Negrinha
Eu tirei a sorte grande! Em junho de 2007 fui adotada ainda filhote, quando andava com vários outros cachorros pela zona norte de São Paulo.
Eu tirei a sorte grande! Só porque sou toda negra, pelos, olhos e unhas, meu dono me deu o nome de “Negrinha”! Em junho de 2007 fui adotada ainda filhote, quando andava com vários outros cachorros perto do terminal de ônibus, no bairro do Edu Chaves, na zona norte de São Paulo.
O Tide, como chamo carinhosamente meu dono, logo cuidou de mim, me dando muitos banhos para me livrar das pulgas e carrapatos que eu tinha. Rapidamente, eu me ambientei ao novo lar e fui ganhando peso e fazendo traquinagens.
Uma noite, querendo “arrumar minha cama” no sofá, acabei rasgando todo o estofamento com minhas unhas. Como só nós dois morávamos na casa e ele é surdo, não ouviu nada; só quando acordou viu o estrago que fiz! Ele ficou bravo e brigou comigo, mas logo fizemos as pazes e ele me perdoou. Lógico que continuo fazendo coisas que ele não gosta, mas meu instinto animal sempre prevalece...

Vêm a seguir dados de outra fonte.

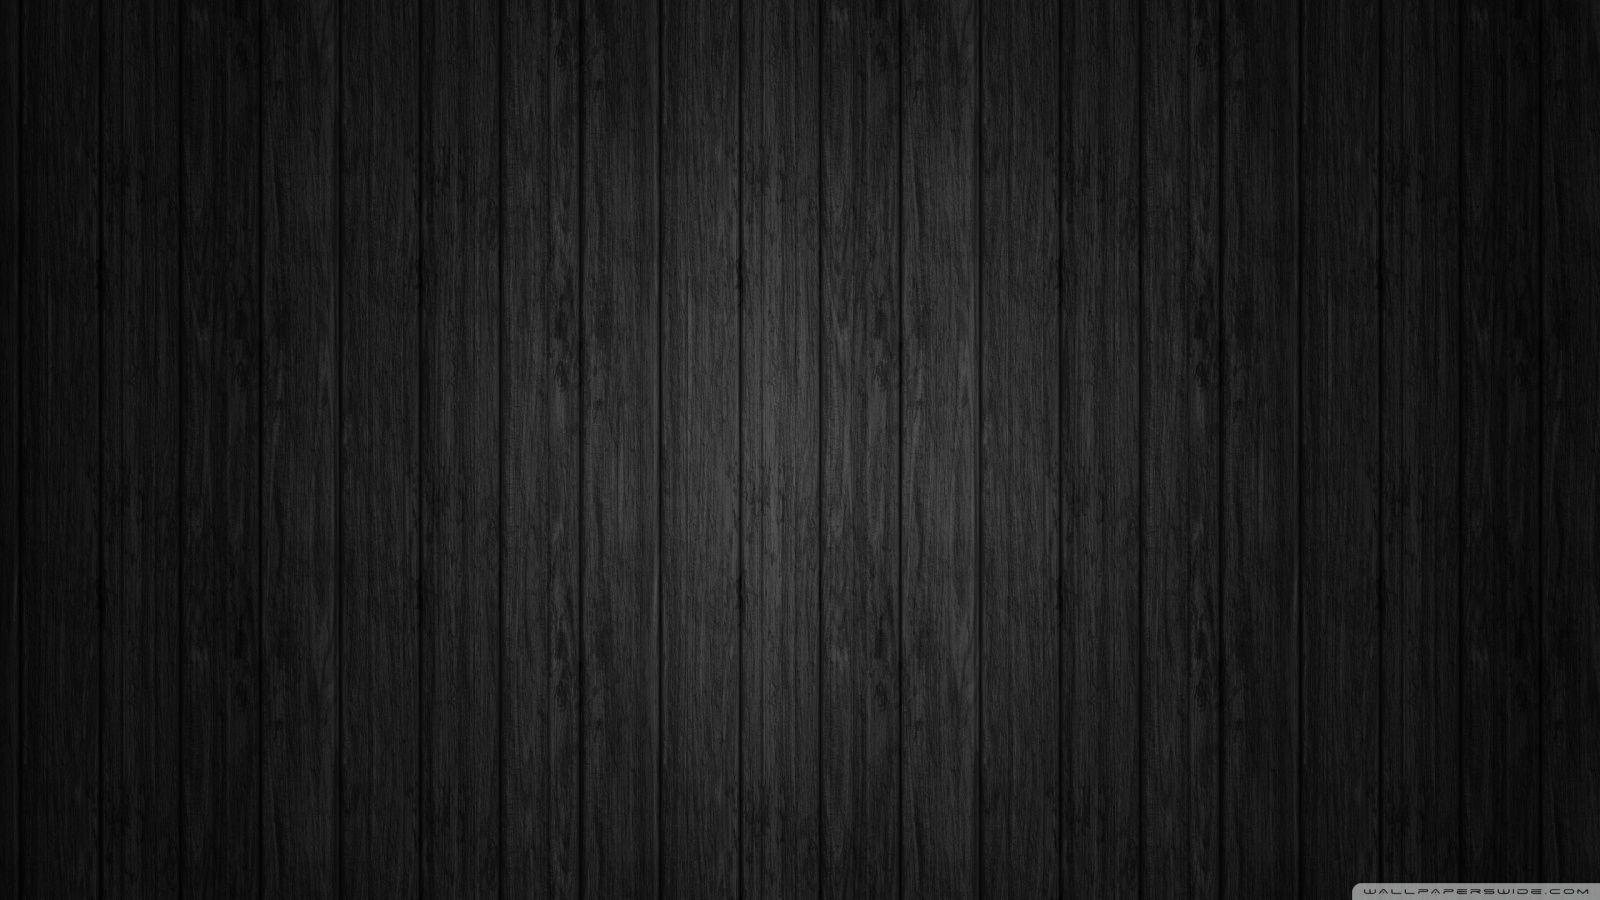 Black Background Wood HD desktop wallpaper, Widescreen, High

Acabei desenvolvendo uma tática: quando ele chama a minha atenção, eu vou me arrastando pelo chão até chegar perto dele, então deito e viro de barriga para cima pedindo perdão. Acabo conquistando-o!
Por ser viúvo e a única filha morar longe, ele se apegou muito a mim. Sempre me diz ao pé do ouvido que sou sua paixão e que ele quer morrer antes de mim para não sofrer com a perda.
Há dois anos, a nora dele nos levou para morar em uma comunidade, Campos de Holambra, a 256 Km da capital. Eu adorei a mudança, já que agora tenho um jardim de aproximadamente 3.000 m² para correr e caçar lagartos.
As duas cuidadoras do Tide, a Nice e a Maria, cuidam muito bem de mim também: dão-me banho, cortam e lixam minhas unhas, me vestem com meu agasalho no inverno e tenho até o luxo de fazer “charme” para comer: elas me dão ração na mão! Mas falando em agasalho, quando ganhei o meu, achei estranho vestir aquilo e acabei roendo o botão! Levei mais uma bronca e ele logo foi consertado.
Como sou muito esperta e obediente, fiz novas amizades cativando todos com meu jeitinho meigo. Eu sei o que é bom nesta vida! Adoro andar de carro ou a pé e sou a companheira do Tide quando ele vai ao banco, ao barbeiro, ao mercado e até mesmo nas viagens que ele faz.
Atualmente, sinto muito ciúme do meu dono, porque ele resolveu adotar uns gatos que apareceram aqui em casa. Quando ele resolve deixá-los entrar, demonstro o meu descontentamento não querendo o colo dele.
Em abril o Tide completa 90 anos de idade! E como está com boa saúde e totalmente lúcido, vamos ter uma festa para comemorar, e eu irei receber os amigos e parentes com toda minha alegria!